This is Part 45 of our ongoing series about Viking Age Iceland. For centuries, this island country, unique in Medieval Europe, operated with no king, no great lords, no foreign policy, and no defense forces but which developed legal and judicial systems to limit the violence of bloodfeud and protect the rights of freemen. Far out in the North Atlantic, Iceland was where the famous sagas developed. To explore Iceland’s place in the medieval world, we present selections from Jesse Byock’s Viking Age Iceland that investigate the history, archaeology, culture, systems of feud, and sagas of this magical place.
The immigrant Viking Age community was a cultural mix. It brought a cultural legacy from the complex Scandinavian culture, but at the same time a simple economy was dictated by the ecology and limited resources of Iceland. This unusual combination has caused confusion. Early Icelandic society is occasionally described as primitive, and it did have some features in common with such societies (though “simple” is a far better term than “primitive”). Among these features were the oral stage of the culture in the early centuries; the widespread presence of relatively self-sufficient family-based economic units; the role of feud as a means of settling disputes; and the absence of towns or concentrated communities.
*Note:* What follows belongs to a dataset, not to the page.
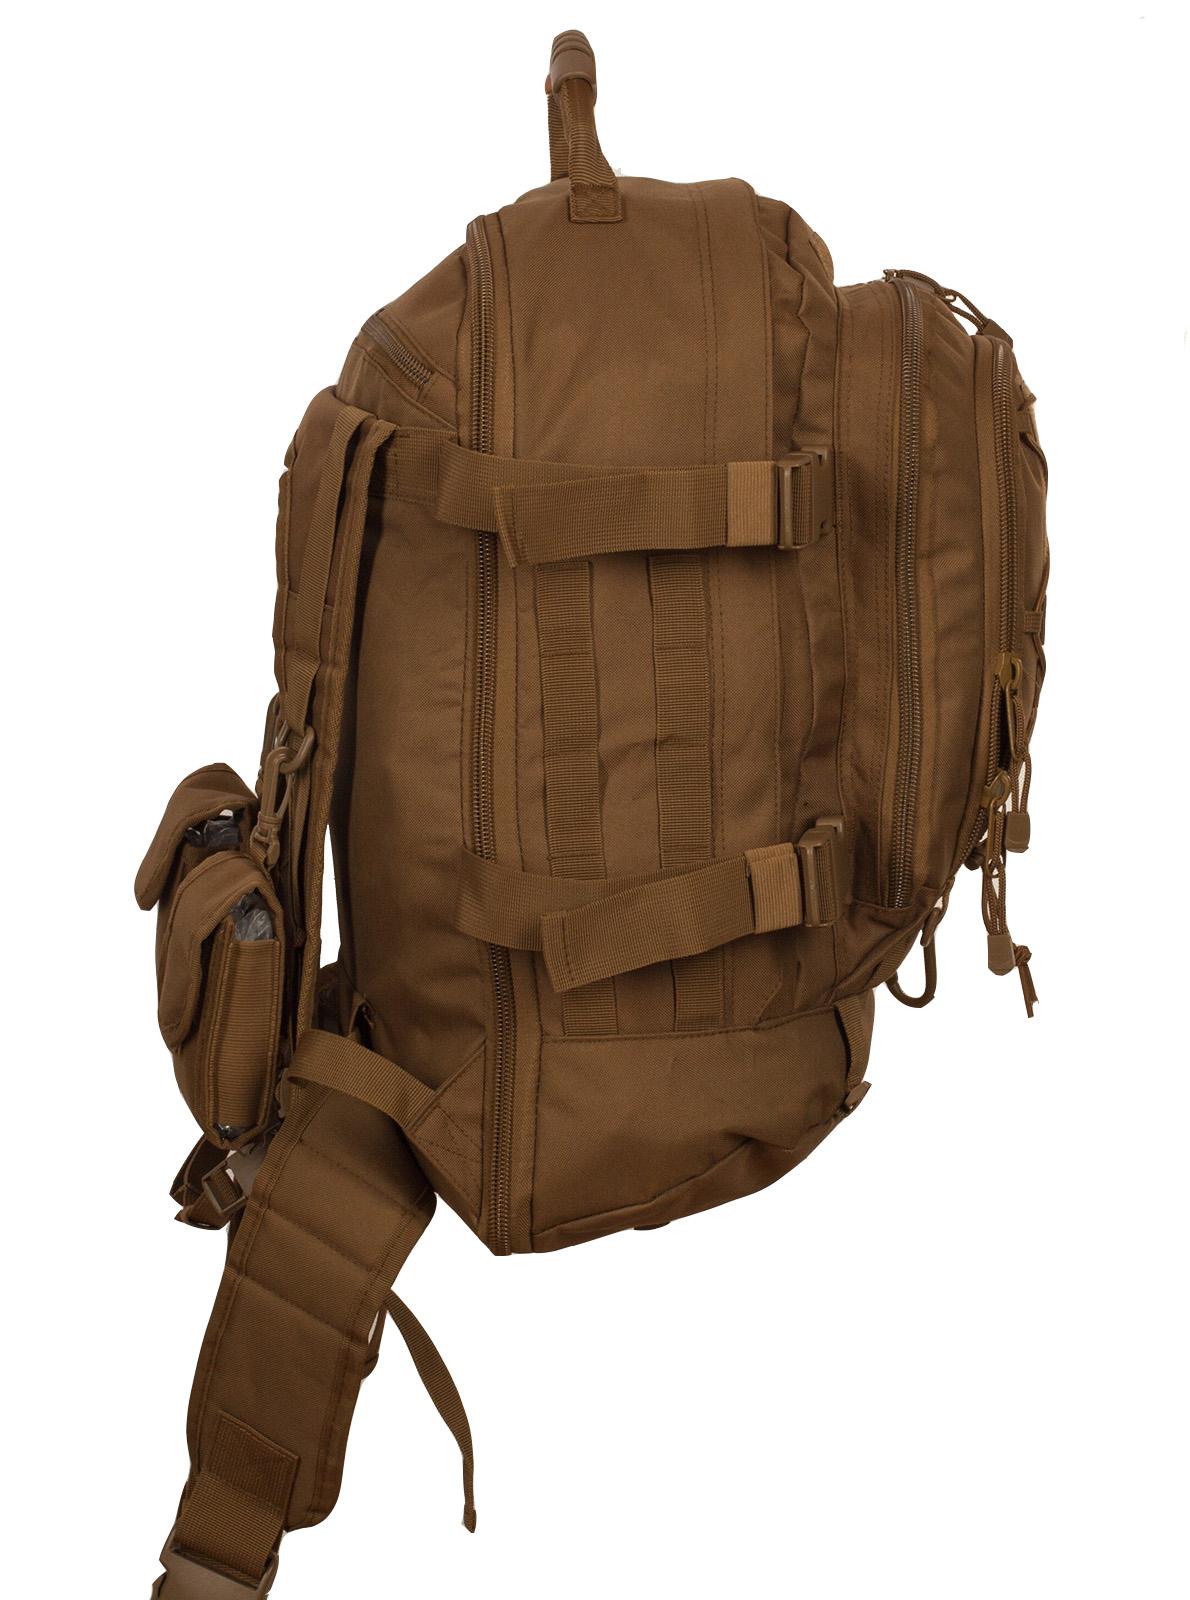 Патрульный тактический рюкзак с нашивкой Погранвойск - заказать в подарок

Nevertheless, primitive is an unsatisfactory way to describe early Iceland, which was not really a simple community.
The connotations of “primitive” are not easily reconciled with Iceland’s situation as the major northern offshoot of Viking Age Scandinavia, a culture whose technology was sufficiently sophisticated to allow its members routinely to cross the North Atlantic. Scandinavians, including Icelanders, possessed a wide knowledge of the world and of its geography and political systems. Administratively these people were equal to the task of setting up and maintaining major trading towns and powerful small states in various parts of Europe. At about the time of Iceland’s settlement, Norsemen set up trading towns in Ireland and established the Danelaw in northern England, later conquering the whole country. Vikings founded the Norman state within the Frankish empire, rose to prominence in old Russia, and traded with the caliphate of Baghdad and the Byzantine empire.